Details matter. There’s Castle Doctrine – “castle law” or “defense of habitation” law. In English common law the term is derived from the aphorism that “an Englishman’s home is his castle” – a concept established as English law by the 17th century jurist Sir Edward Coke, in his The Institutes of the Laws of England, 1628 – “For a man’s house is his castle, et domus sua cuique est tutissimum refugium [and each man’s home is his safest refuge].”

That’s one reason we have the Second Amendment. People should be allowed to keep a gun at home to protect their home and family. That’s their right, and the police are always late anyway. But don’t take your gun outside the house – outside your “castle” so to speak. There the public has rights too. There’s the right to not get shot over disagreements in public places – except that’s no longer so in Florida and other states that have passed “stand your ground” laws. There the idea is that you carry your castle with you. If you feel threatened, even slightly threatened, by a stranger in a public place, far from home, you have the right to blow his (or her) brains out right there on the spot.

This has led to endless litigation. That’s a distortion of castle doctrine. There’s no castle there – but yes, the courts have found that arms for self-defense, at home or in special defined circumstance, are just fine. That’s probably what the Founding Fathers had in mind.

The current view on the American right is not that at all. The current argument there is that because Thomas Jefferson once said that we’d probably need another revolution now and then, the Founding Fathers added the Second Amendment so citizens, when outvoted by their fellow citizens on this issue or that, could overthrow the duly and legally elected government to make things right, because the people are sometimes stupid, and democracy is sometimes stupid. Sometimes, to preserve freedom, the will of the people must be abrogated. That’s why Michelle Bachmann and others said that if Congress, elected by the people, passed Obamacare, true patriots had their guaranteed Second Amendment Remedy. They could fix that – with armed revolution to overthrow the mistaken-majority’s government – or at least assassinate a few stupid politicians. The Founding Fathers knew voters could be stupid. Patriots with guns could fix that – thus that amendment.

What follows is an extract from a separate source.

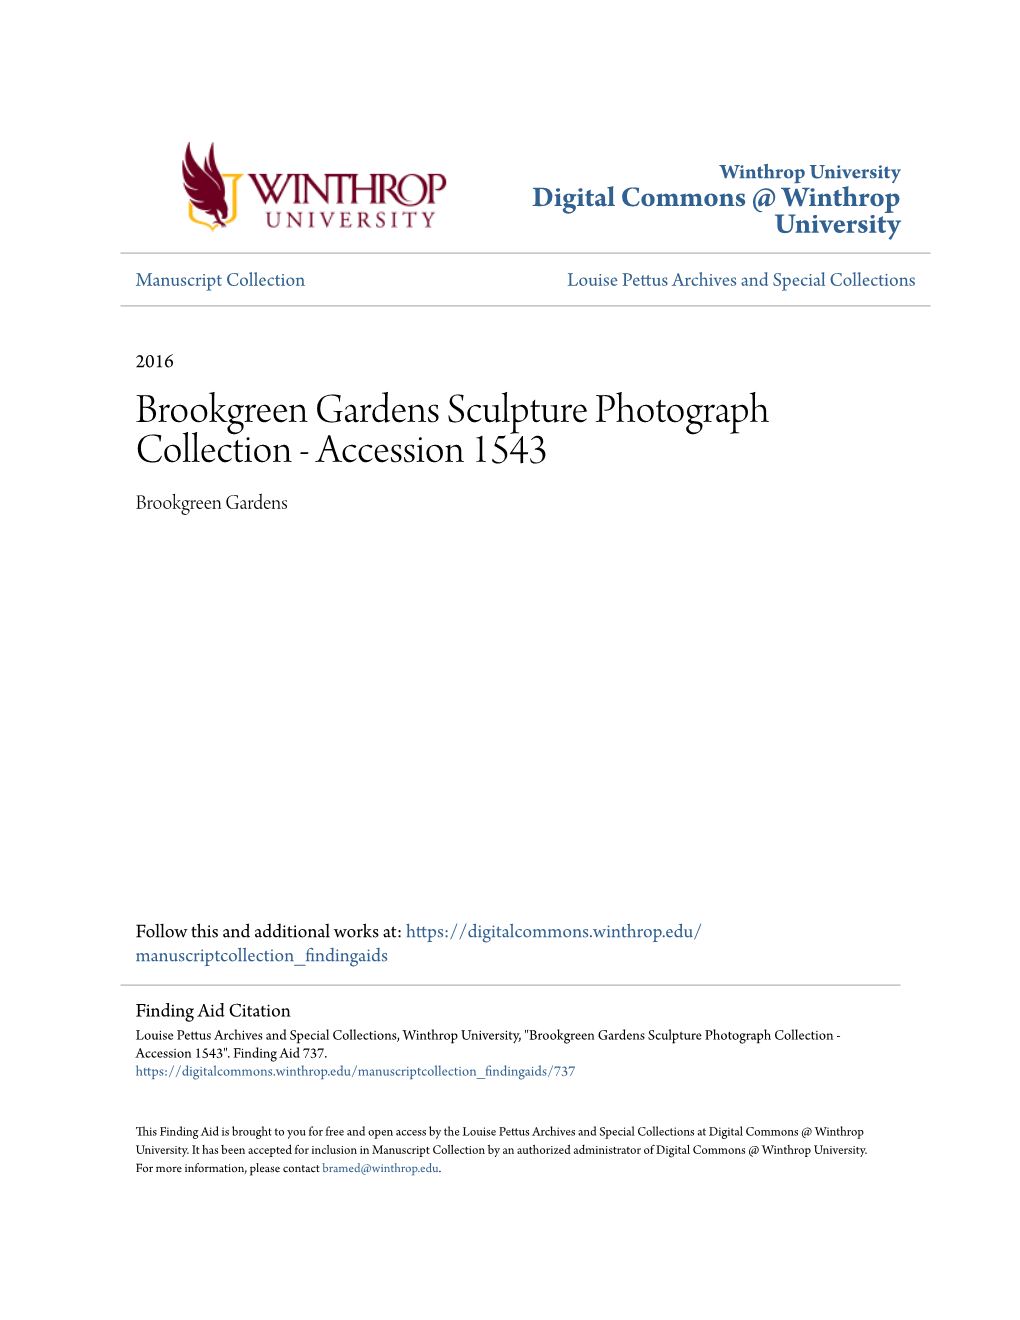 Brookgreen Gardens Sculpture Photograph Collection - Accession 1543 Brookgreen Gardens
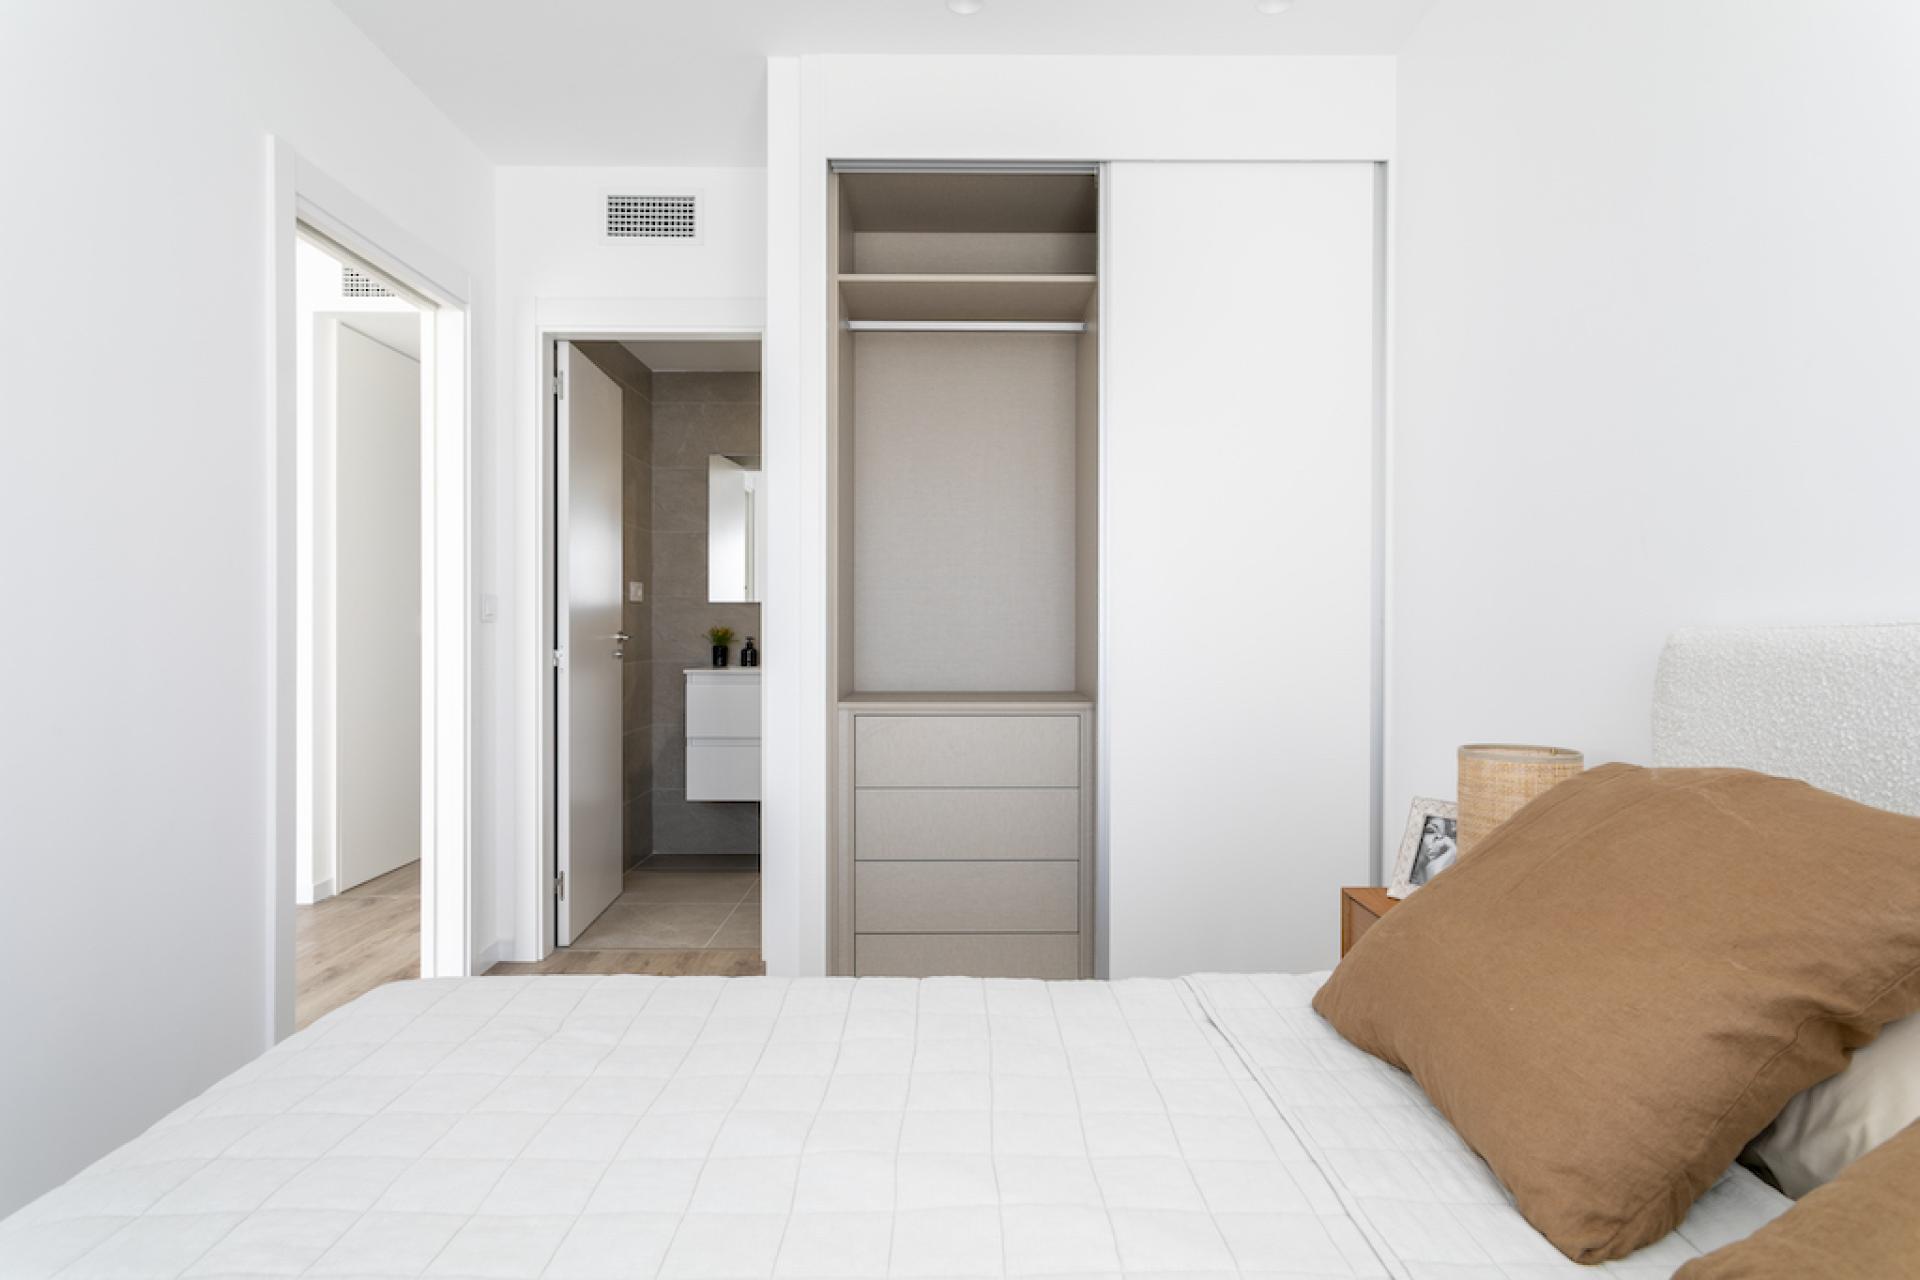 3 slaapkamer Appartement met tuin in Gran Alacant - Nieuwbouw in Medvilla Spanje

That’s rather dramatic, and odd. That makes democracy, government by the agreement of the majority, by the vote of the elected representatives of the majority, the evil enemy of freedom. That has people talking about “the tyranny of the majority” and taking up arms to fight that. The formula is simple. Hate democracy with all your soul, and love freedom instead. The majority has taken away freedoms. Seatbelts are mandatory now, and so are helmets for motorcyclists. And that’s where it starts. Soon no one has any freedom to do anything. Majority rule must be stopped!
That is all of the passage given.